Monday, September 20, 2004

(To SK)

If you want a bedtime story as you say, I can probably write one out for you. This may or may not be all true. Most of it is, but thats what stories are about.

When I was a child in Mexico, my family lived near an area full of indian villages. These are the people (and villages) that people imagine when they think of Mexican villagers - the men in white outfits and straw hats, the women in their colorful skirts and bare, dirty feet.

My brother and I (we were maybe 9 and 7) had heard the rumors that the indian villagers were wild and untamed. The women bathed naked in the nearby rivers. The men drank alcohol all day and played and danced to wild music. We wanted to see this for ourselves but our parents only took us to the villages during the day (to buy fruit) and we supposed that what we wanted to see, the true wildness, was hidden to us. We only saw the weary sun-baked vendors waving flies off their papayas and we knew there was so much more.

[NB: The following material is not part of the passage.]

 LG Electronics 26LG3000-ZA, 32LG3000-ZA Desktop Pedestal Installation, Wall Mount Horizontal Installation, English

So, as you might guess, my brother and I struck out on our own one night. It wasnt too late, so our parents assumed we were maybe out catching fireflies or playing the final moments of some soccer game where the twilight has already arrived but you still have to go on.

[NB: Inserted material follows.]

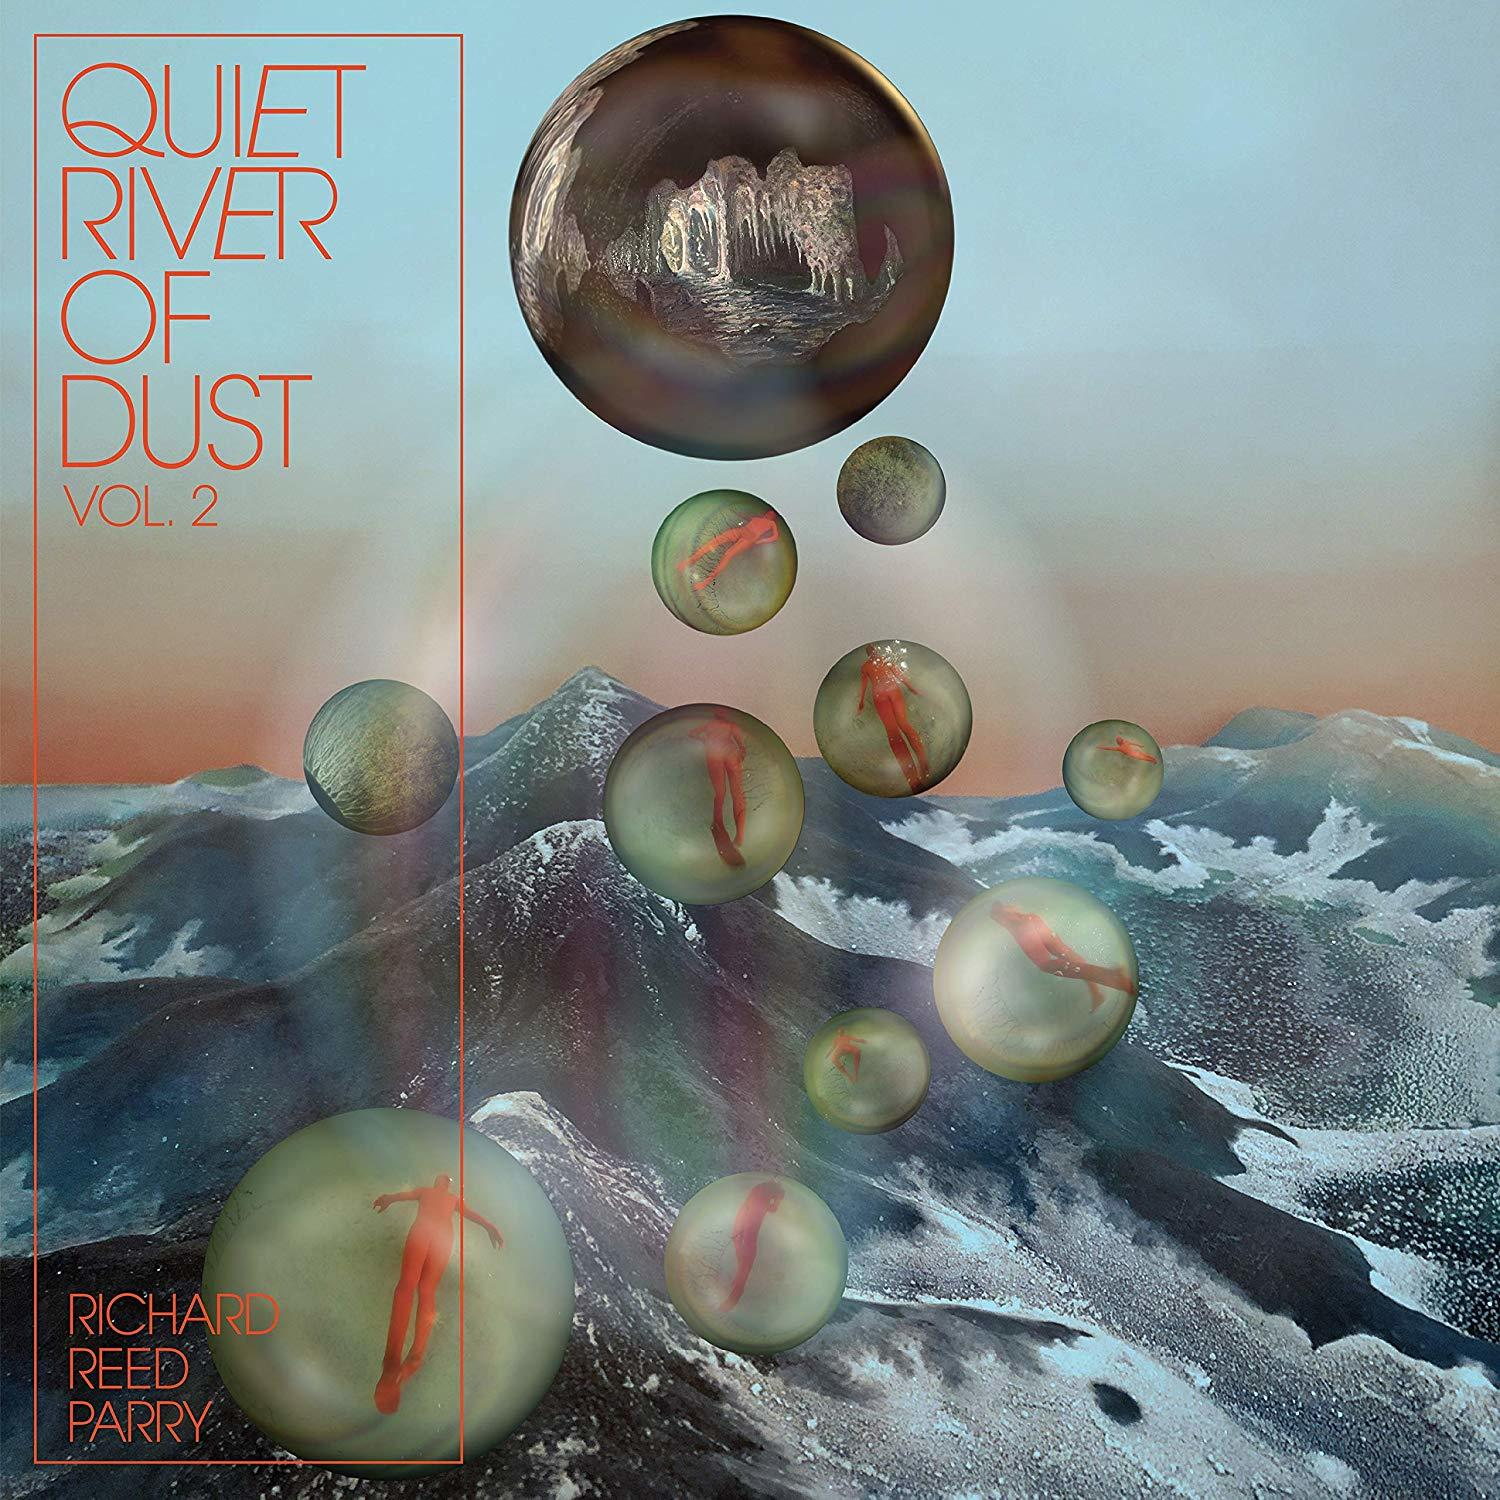 Richard Reed Parry - Quiet Vol.2 Dust - River (Vinyl) of

We got lost several times because we only had moonlight and the dim lights of the villages to guide us. As we approached the village, I remember this clearly we heard this terrible noise, like a loud honking and all sorts of yelping. We still approached because, really, there was nothing else we could have done.

Soon, we were in the streets of the town itself and the noise and rattle seemed to be just around the corner. Otherwise, the streets were deserted. I think the feeling I had was that fear that you feel that everyone else has hidden away from something terrible, but you like a stupid wide-eyed animal did not know that you should be running away and so you just stood there, ready to be pounced on or consumed.

The next thing we saw was this: Out of the corner came 5 or 6 old men on canes. But each one was wearing the same mask, this horrible, monstrous mask that disfigured their features to give them exaggerated noses and chins. Seconds later they were followed by small band of men, several holding xylophones and one, holding a broken tuba which honked like an asthmatic cow. They in turn were followed by a parade of people all moving across the street and disappearing into another, emerging and vanishing like ghosts. Not only did they not come our way, they didnt even look our way.

We had watched a spectacle, my mother later explained, a local festival honoring perhaps a harvest or a moon. I've forgotten her explanations. The memory and thrill of that moment is what stays with me to this day, the glimpse into another world, secret and intractable.